The construction began in 1935 and ten months later De Kuip was completed. However, as the Rotterdam municipal government were unable to build infrastructure around the stadium in time, Feyenoord played their first home match there on 27th March 1937. It was against the Belgian club Beerschot, and the home team won 5-2. The original capacity of the stadium was 64,000. Later, after World War II, the stadium was renovated and the capacity was increased to 69,000.
Photo: Stephan Hoogerwaard

Over the following decades De Kuip was one of the main venues for finals of various European cups. The first one was a Cup Winners’ Cup final between Tottenham and Atlético Madrid. And the tenth and also last final was played at De Kuip in 2002. It was a rather special match, as Feyenoord, the home team, beat Borussia Dortmund 3-2 in the UEFA Cup final!
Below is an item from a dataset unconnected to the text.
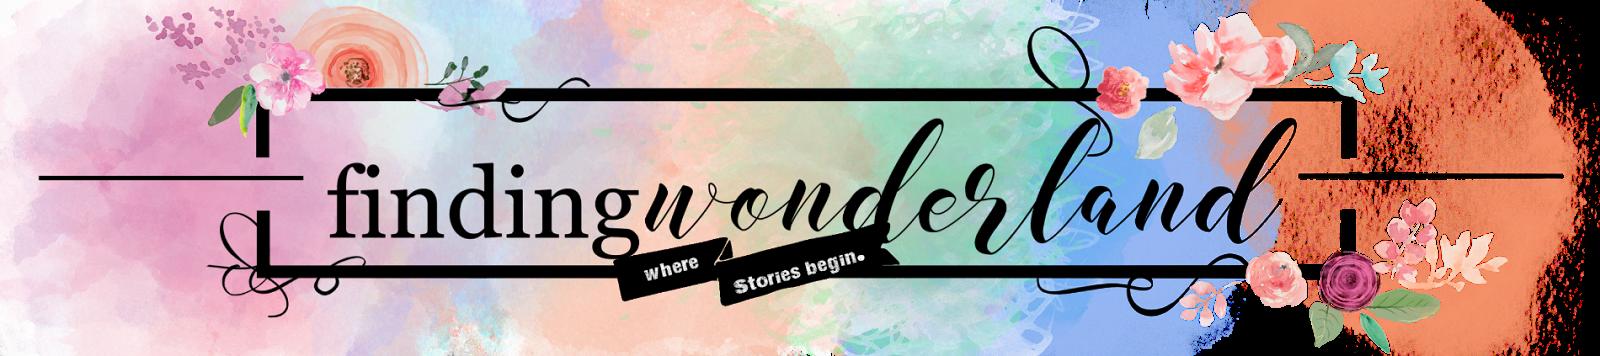 Finding Wonderland | Where Stories Begin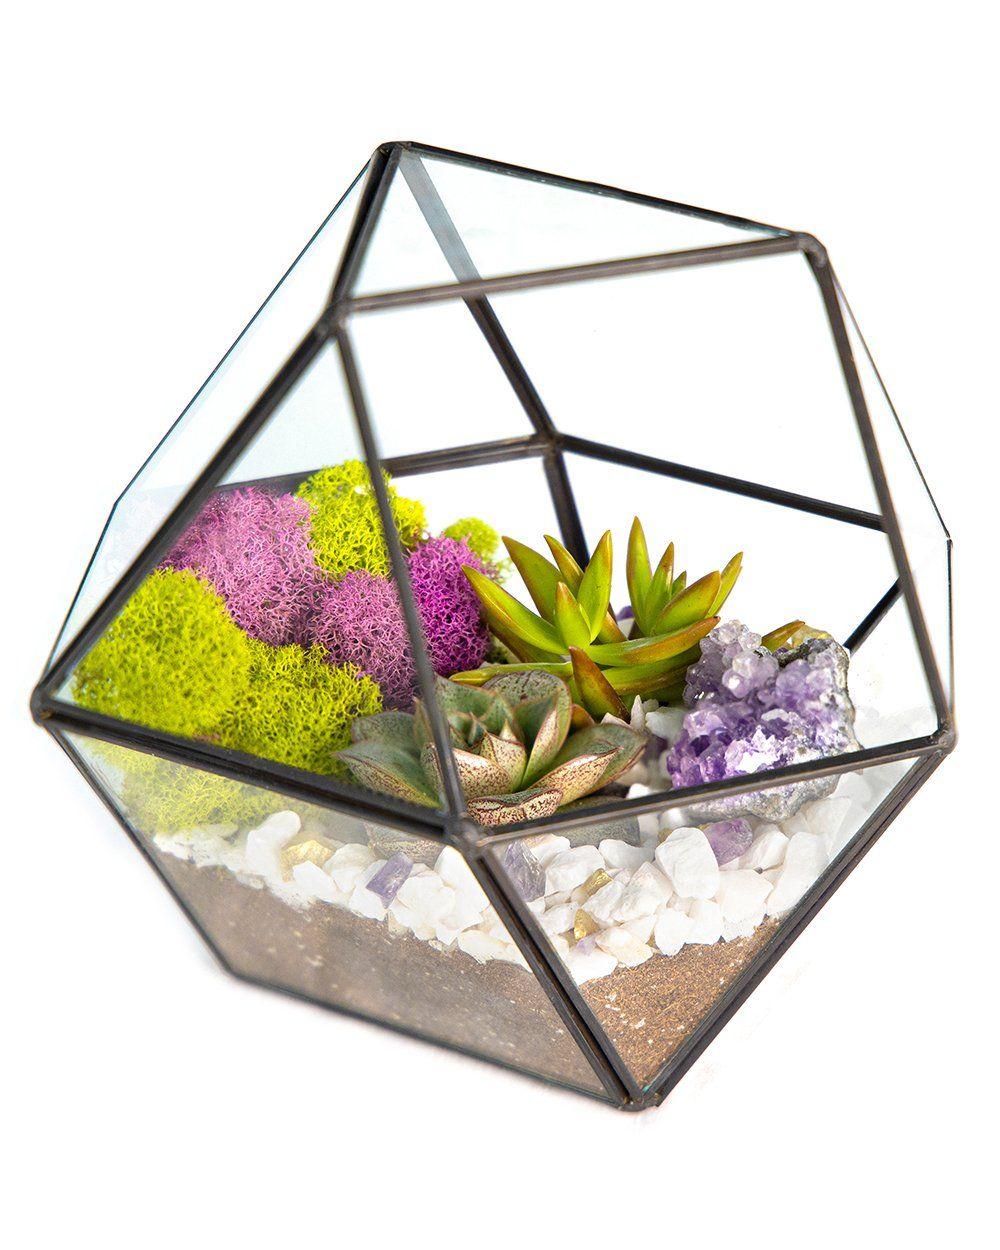 "Photo of 7""x6"" Geo Glass Succulent Terrarium with Metal Stand, Moss, Rocks, Amethyst *DIY Live Plant Terrarium Kit* – Green/Gold / Amethyst Geode"

De Kuip was also chosen to host the 2000 European Championship final, receiving preference over the newer and more modern Amsterdam Arena. During the championship, the stadium hosted three group matches, the quarter-final between the Netherlands and Yugoslavia and the final between France and Italy.

By that time De Kuip had already undergone major renovation. In the early 1990s the facilities at the stadium got into such a poor state that renovation was inevitable. The stadium got its current look in 1994 as it was necessary to improve its safety and comfort. On that occasion, the stands were rebuilt, new corporate facilities were created and the stands, uncovered up to then, got roofed over. The stadium was also turned into an all-seater, which meant that its capacity was reduced to 51,117.

Fhoto: Stephan Hoogerwaard

In May last year the management of Feyenoord Rotterdam made public an ambitious project to build a brand new stadium – it will have a capacity of 70,000 seats and its construction will cost 196 million EUR. At one point renovation of De Kuip was also considered, but this seems to be a less probable option now.